• Activity
Reproduce only this stretch of the listing below: from the line with "ピアノ中心の壮大なバラードの再生済みの波形" through the line with "Un hombre que", exactly as written, with pictures excluded.
++++ Data listing ++++
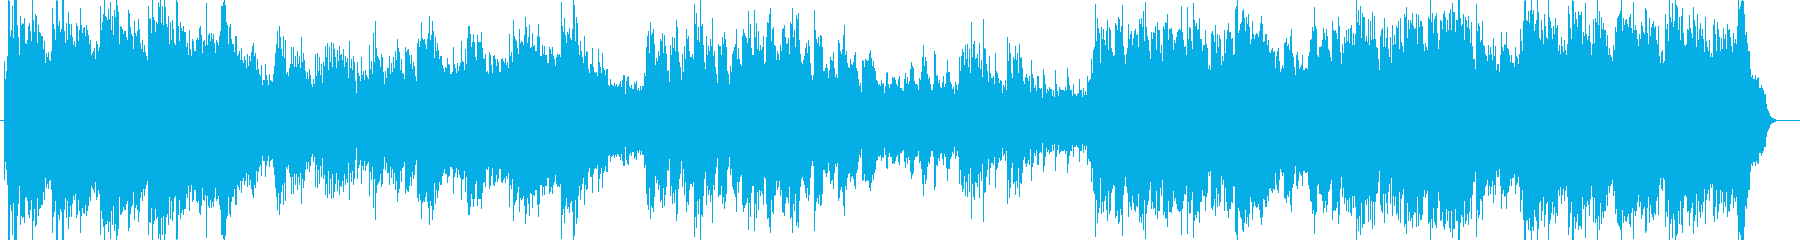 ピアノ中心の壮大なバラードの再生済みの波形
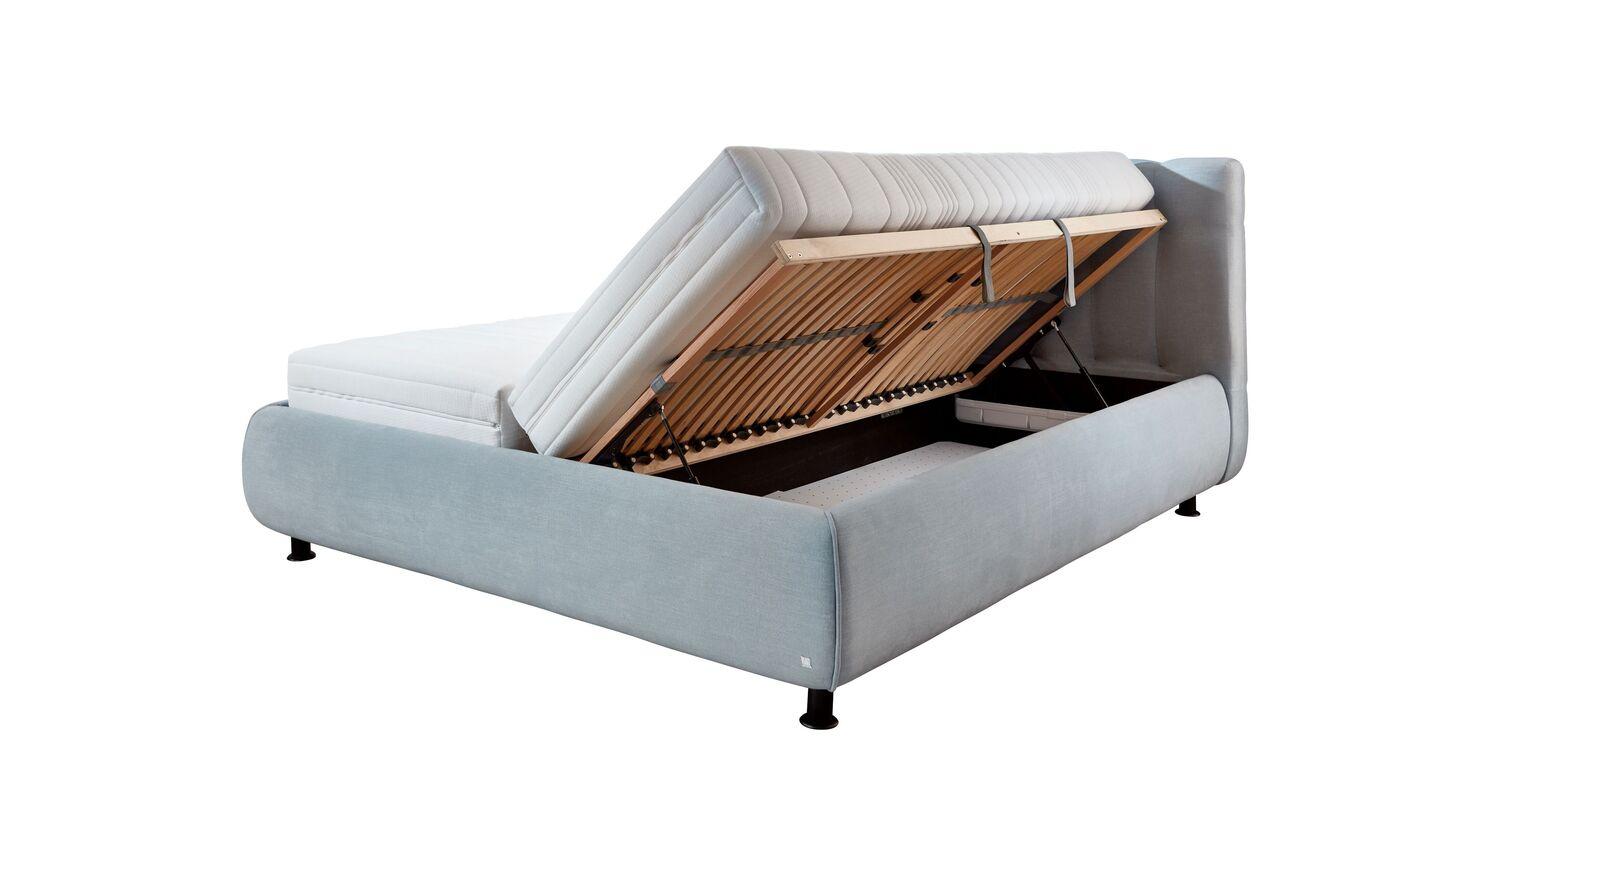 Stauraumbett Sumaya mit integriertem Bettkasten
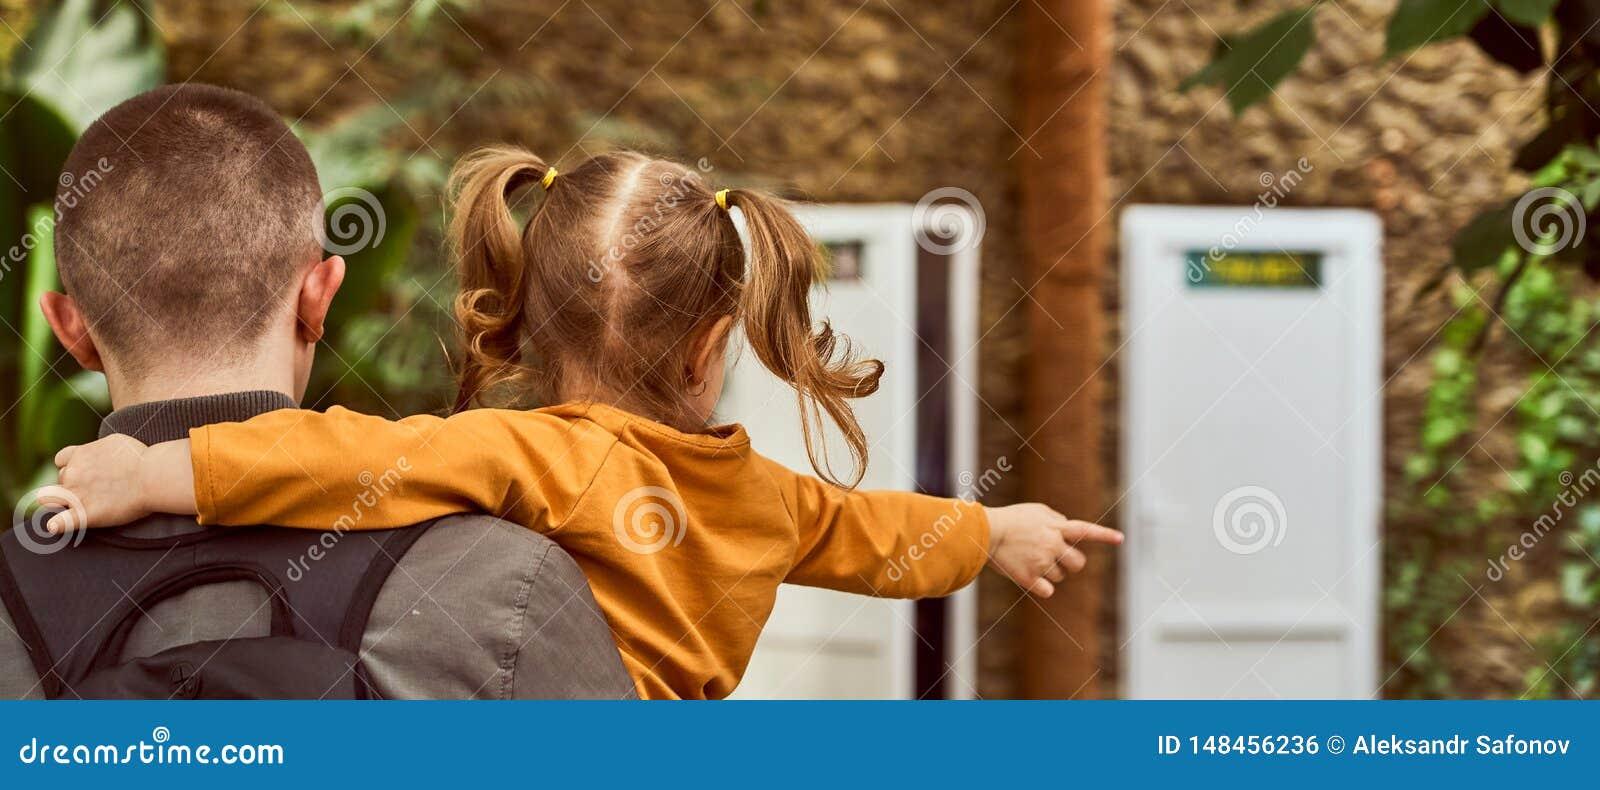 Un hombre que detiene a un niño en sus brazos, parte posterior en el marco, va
++++
++++ Data listing ++++
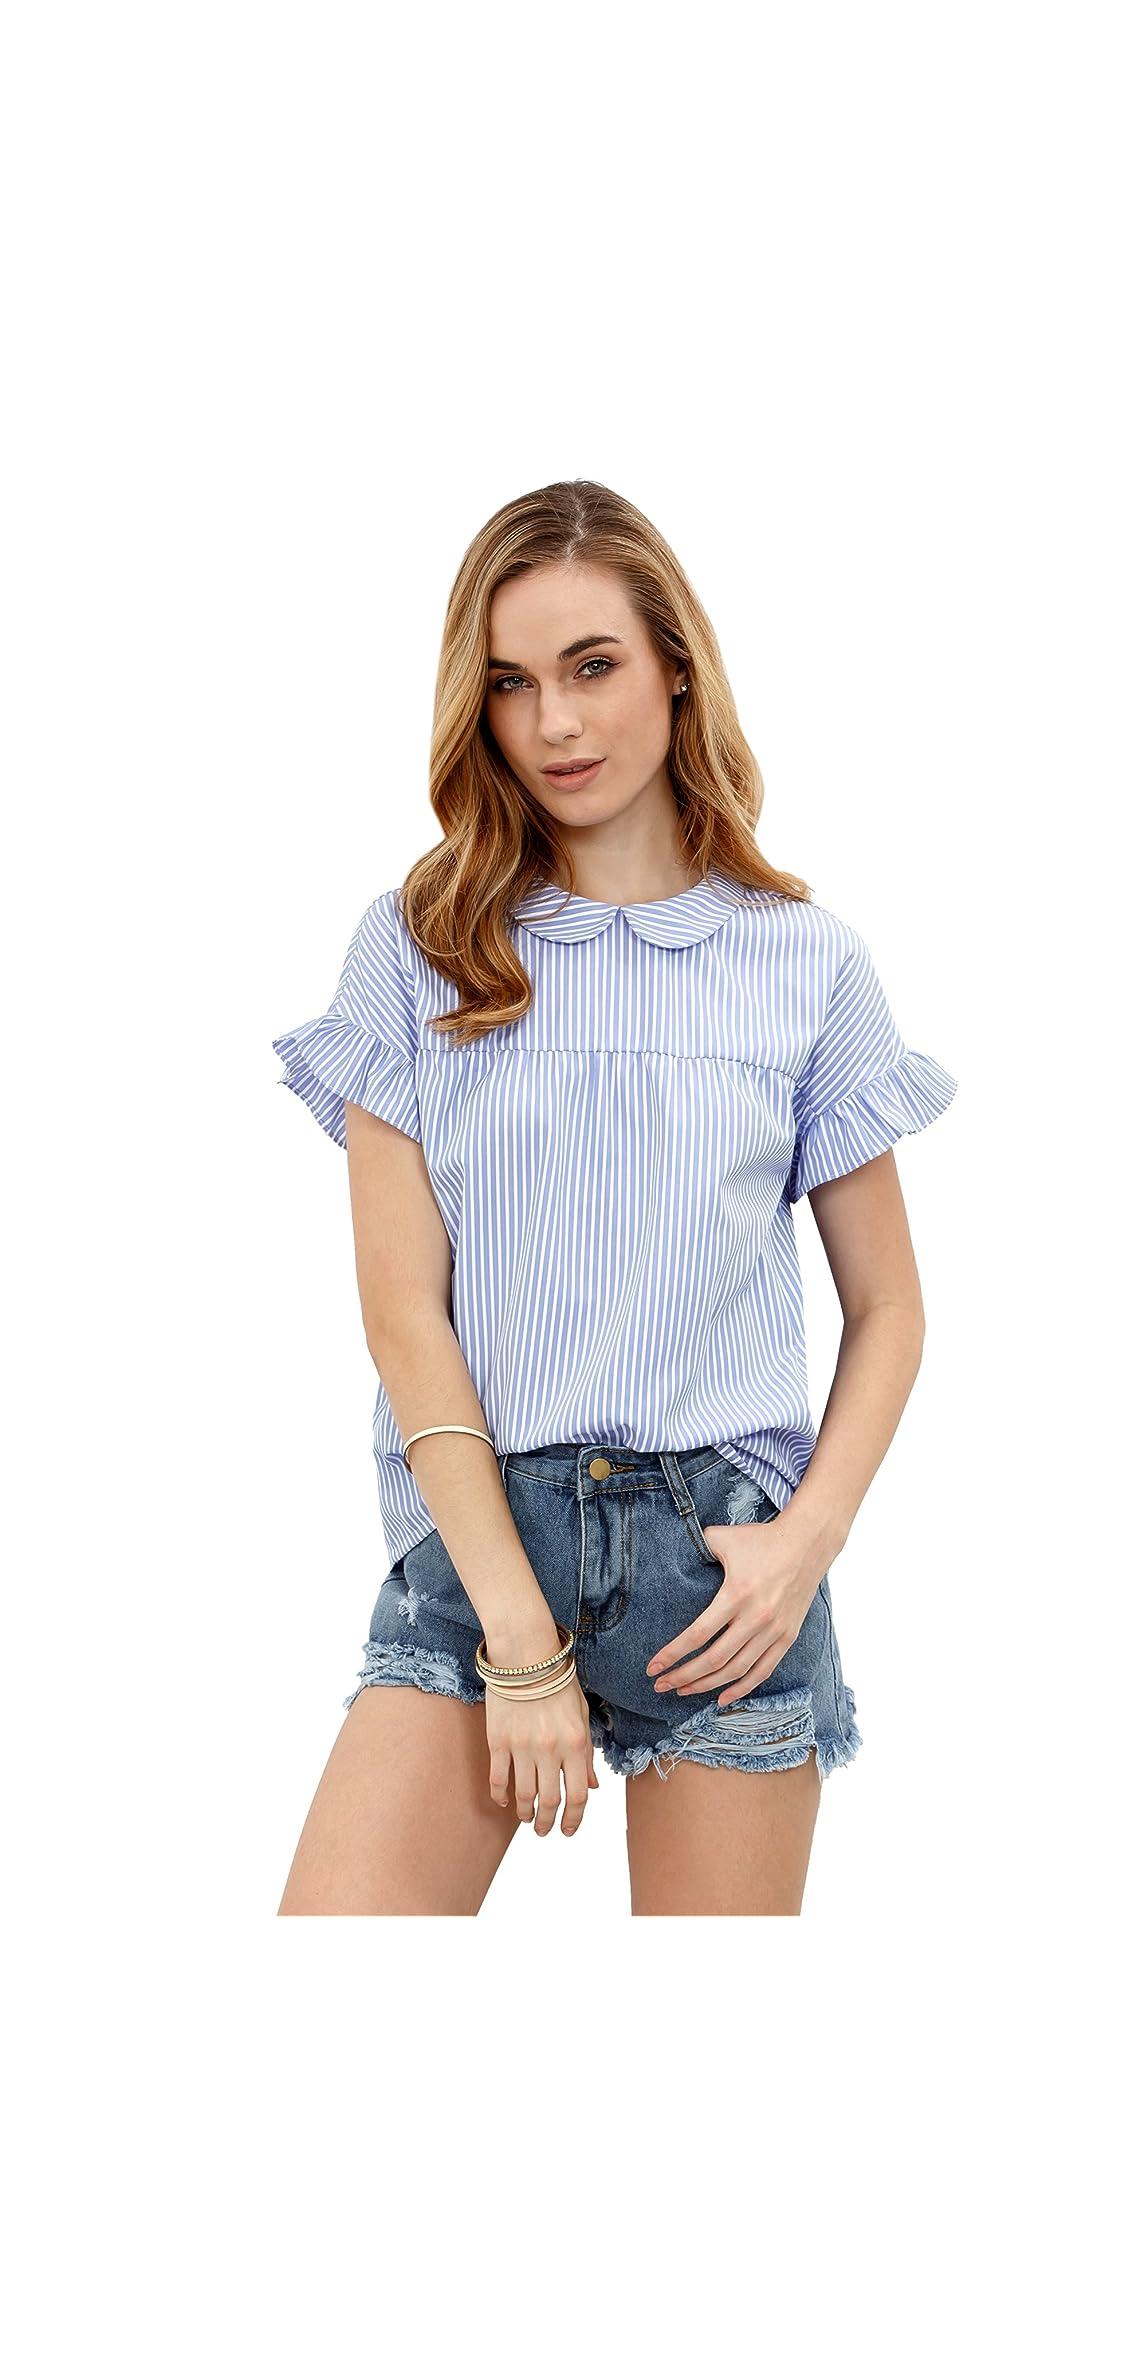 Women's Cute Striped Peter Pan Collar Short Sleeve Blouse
++++
• Solved problem
 ピアノ中心の壮大なバラードの再生済みの波形
 Stauraumbett Sumaya mit integriertem Bettkasten
 Un hombre que detiene a un niño en sus brazos, parte posterior en el marco, va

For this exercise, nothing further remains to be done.